So it turns out that the absolute best thing you can do to speed up a compiler is to read the entire file into memory in one big I/O, do all your lexing, parsing, etc. from RAM, and then write out the result to disk in one big I/O.

I talked with one of the head guys maintaining Gnat (GCC's Ada compiler) about this, and he told me that he actually used to put everything he could onto RAM disks so that even his file I/O was really just RAM reads and writes.

T.E.D.
I was thinking using a named pipe instead of a file and other ways to keep it in ram. I couldnt think of a way to improve linking. Can i get you to email me myusername @gmail.com i have tons of questions for you.
acidzombie24
I wouldn't go through herculean efforts before you have a chance to actually measure things. Premature optimization and whatnot. Just be sure to make the front end to the lexer modular enough to replace with a buffer API later.
T.E.D.
A: 

One thing surprisingly missing in answers so far: make you you're doing a context free grammar, etc. Have a good hard look at languages designed by Wirth such as Pascal & Modula-2. You don't have to reimplement Pascal, but the grammar design is custom made for fast compiling. Then see if you can find any old articles about the tricks Anders pulled implementing Turbo Pascal. Hint: table driven.

dwc
A: 

I haven't seen much work done for minimizing the compile time. But some ideas do come to mind:

  1. Keep the grammar simple. Convoluted grammar will increase your compile time.
  2. Try making use of parallelism, either using multicore GPU or CPU.
  3. Benchmark a modern compiler and see what are the bottlenecks and what you can do in you compiler/language to avoid them.

Unless you are writing a highly specialized language, compile time is not really an issue..

Sridhar Iyer
A: 

Make a build system that doesn't suck!

There's a huge amount of programs out there with maybe 3 source files that take under a second to compile, but before you get that far you'd have to sit through an automake script that takes about 2 minutes checking things like the size of an int. And if you go to compile something else a minute later, it makes you sit through almost exactly the same set of tests.

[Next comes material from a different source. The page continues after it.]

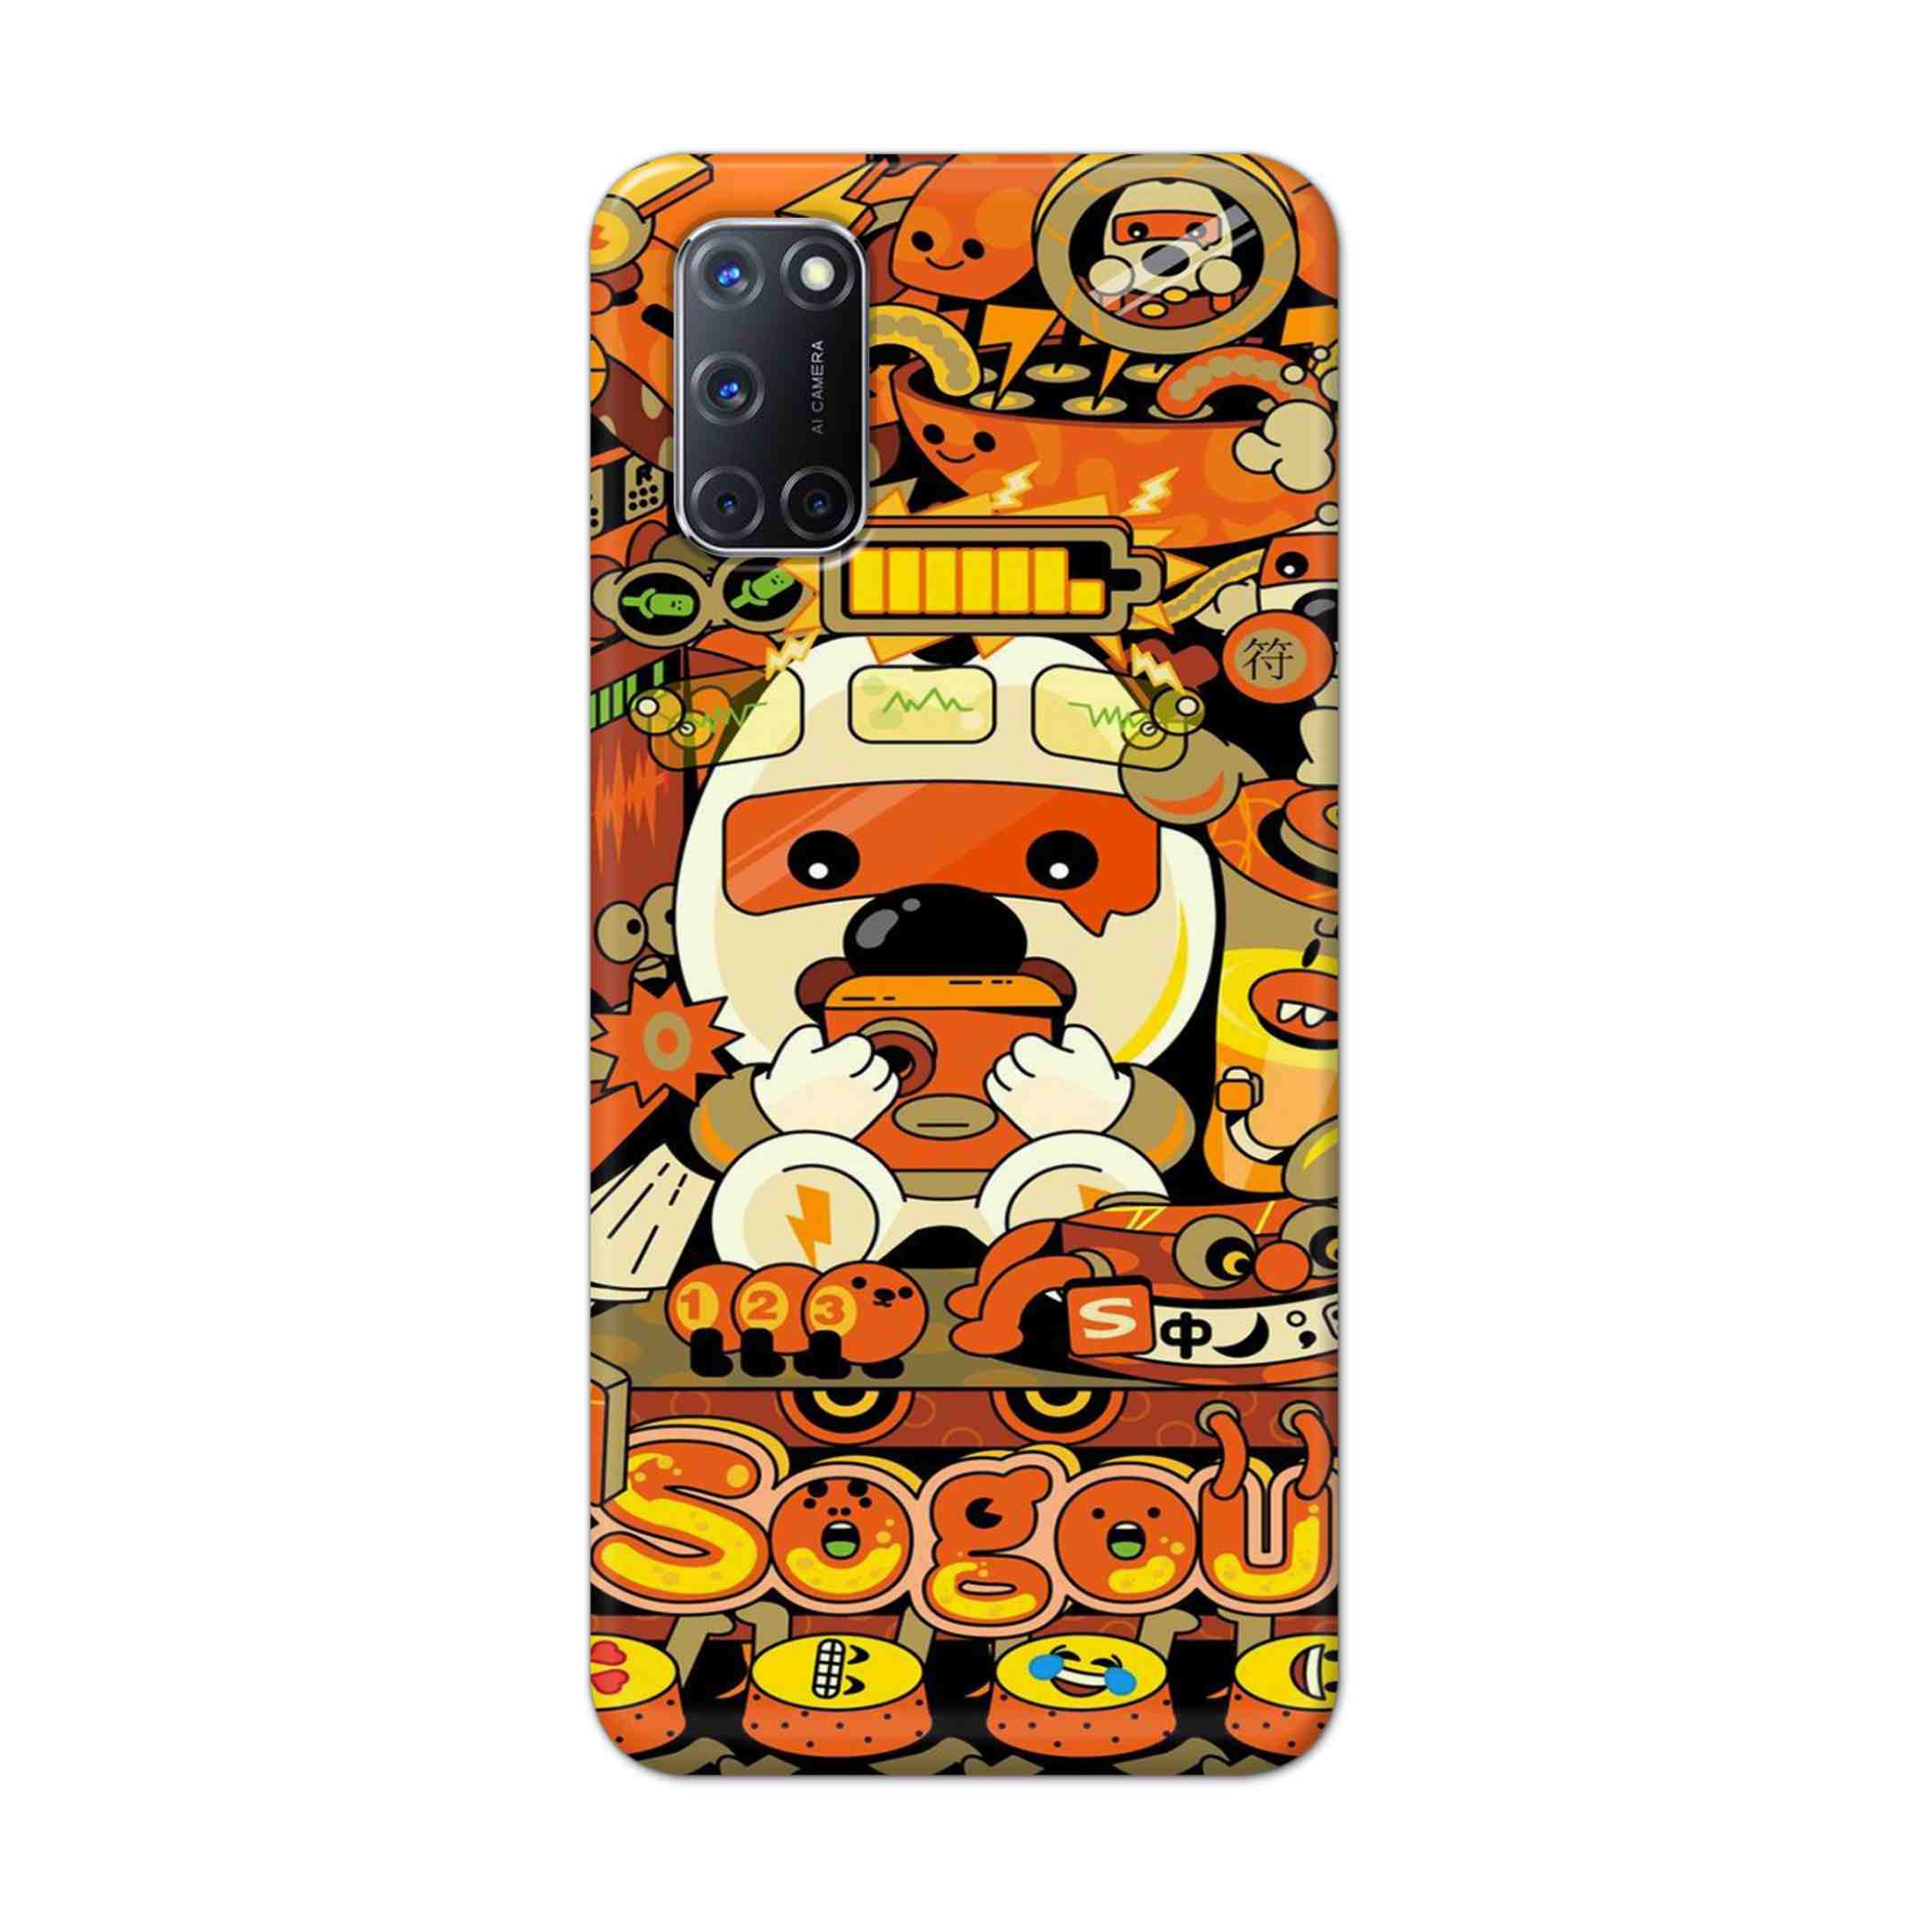 Buy Sogou Hard Back Mobile Phone Case Cover For Oppo A52 Online

So unless your compiler is doing awful things to the user like changing the size of its ints or changing basic function implementations between runs, just dump that info out to a file and let them get it in a second instead of 2 minutes.

Ant P.
A: 

Here are some performance tricks that we've learned by measuring compilation speed and what affects it:

  • Write a two-pass compiler: characters to IR, IR to code. (It's easier to write a three-pass compiler that goes characters -> AST -> IR -> code, but it's not as fast.)

  • As a corollary, don't have an optimizer; it's hard to write a fast optimizer.

  • Consider generating bytecode instead of native machine code. The virtual machine for Lua is a good model.

  • Try a linear-scan register allocator or the simple register allocator that Fraser and Hanson used in lcc.

  • In a simple compiler, lexical analysis is often the greatest performance bottleneck. If you are writing C or C++ code, use re2c. If you're using another language (which you will find much more pleasant), read the paper aboug re2c and apply the lessons learned.

  • Generate code using maximal munch, or possibly iburg.

  • Surprisingly, the GNU assembler is a bottleneck in many compilers. If you can generate binary directly, do so. Or check out the New Jersey Machine-Code Toolkit.

  • As noted above, design your language to avoid anything like #include. Either use no interface files or precompile your interface files. This tactic dramatically reduces the burdern on the lexer, which as I said is often the biggest bottleneck.

Norman Ramsey
IR means what? i am looking up this info now, isnt lexical analysis no longer a problem? i thought IO was the main problem (as in your analysis read to many files, not the actual complexity). My language i plan to be complex.
acidzombie24
IR means intermediate representation. In a simple compiler, lexing is still expensive; the loop touches every character of the input. You want *both* to keep total input size down *and* to make lexing efficient. A complex grammar is OK.
Norman Ramsey